In the list of those patriots and philanthropists who have laboured to promote the intellectual and moral well-being of man no one will be found to have achieved a work better calculated to accomplish this high and sacred purpose than the Philosophical Institution in Beaumont Square. Who that contemplates this Institution with its immediate benefits and its more beneficial tendencies will not exclaim when he pauses pensive over the sepulchre of the departed founder.
May the fruits of this good work be coeternal with his reward and may his example be prolific of similar glorious deeds, till ignorance, superstition and depravity shall vanish from the land.

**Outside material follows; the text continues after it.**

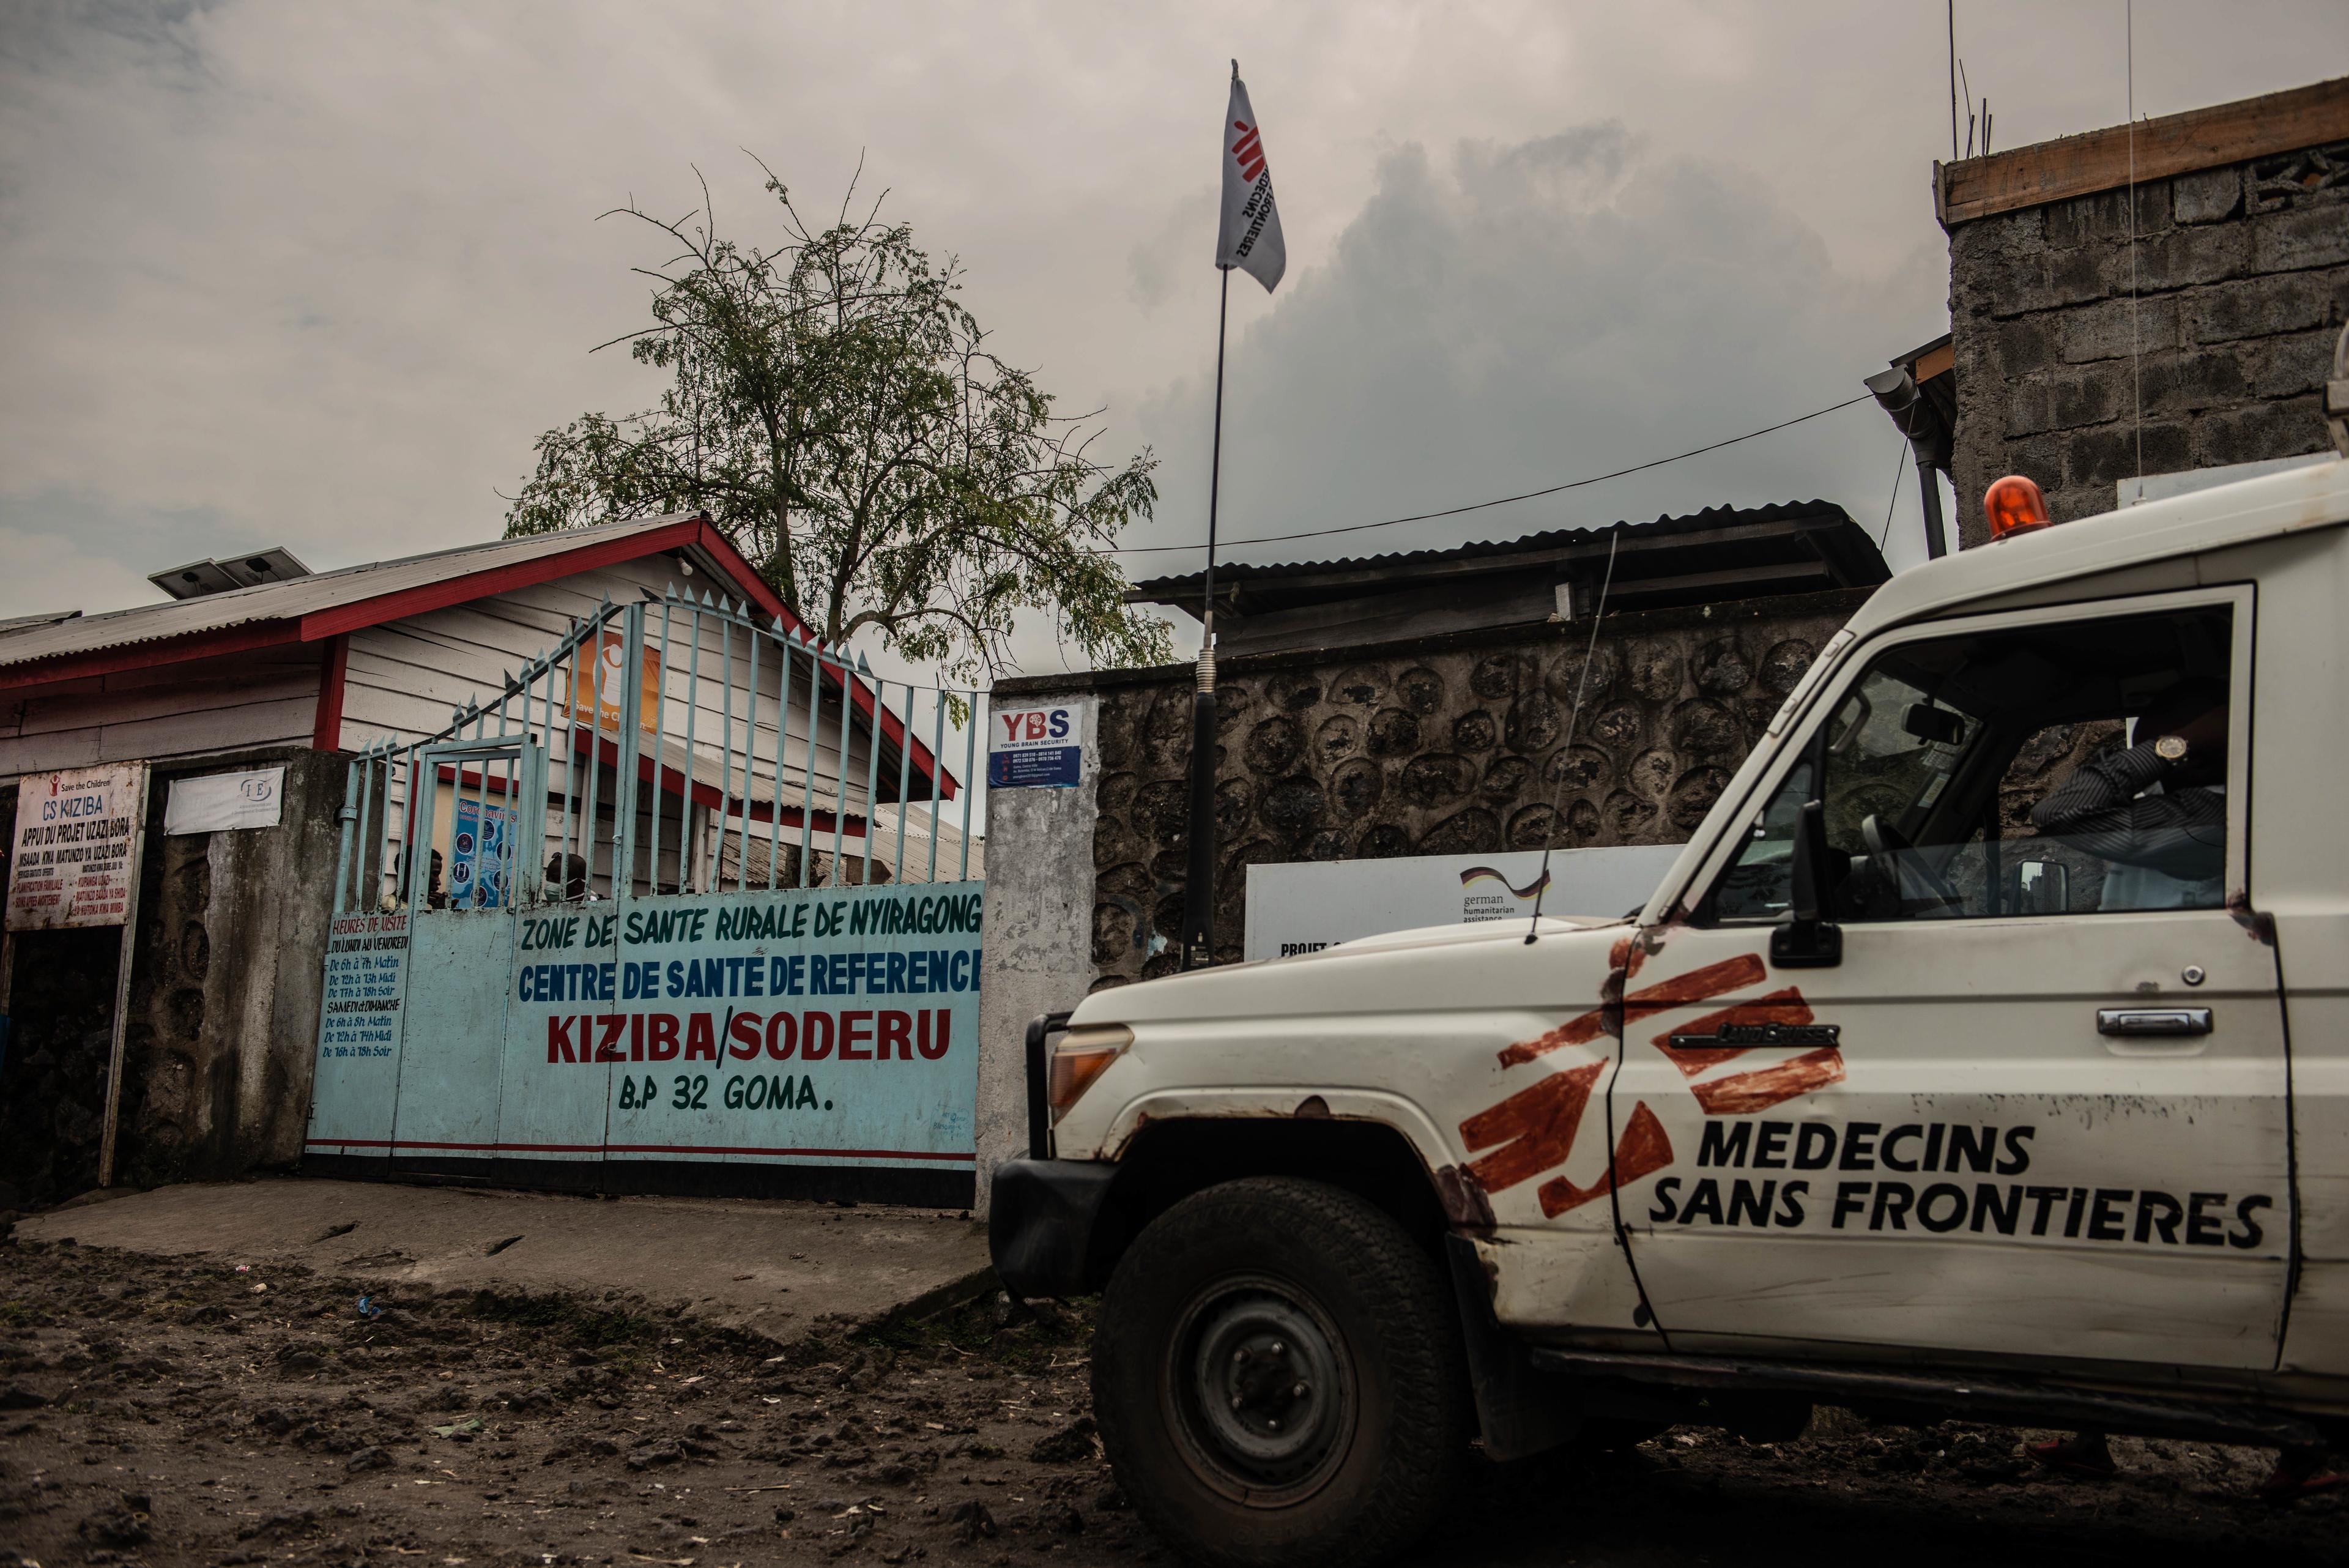 MSF team arrives at the KIZIBA referral health center in Goma (DRC)

Our transcription of this long inscription was aided by the typed Winter 1978 newsletter of the East London History Society "A Tombstone And A Portrait Of An Age".
Wikipedia redirects "Duke of Cumberland's Sharp Shooters" to Queen Victoria's Rifles and gives the date of the Corps' formation as 1803.
Sources include: Friends of Tower Hamlets Cemetery Park.
Site: Barber Beaumont - QMC (2 memorials)
E1, Mile End Road, The People's Palace Foyer, Queen Mary University of London
This inscribed slab self-describes as being part of Beaumont's vault, which was in his own East London Cemetery, now Shandy Park, a 5-minute walk due south from here. See Barber Beaumont tomb for more information.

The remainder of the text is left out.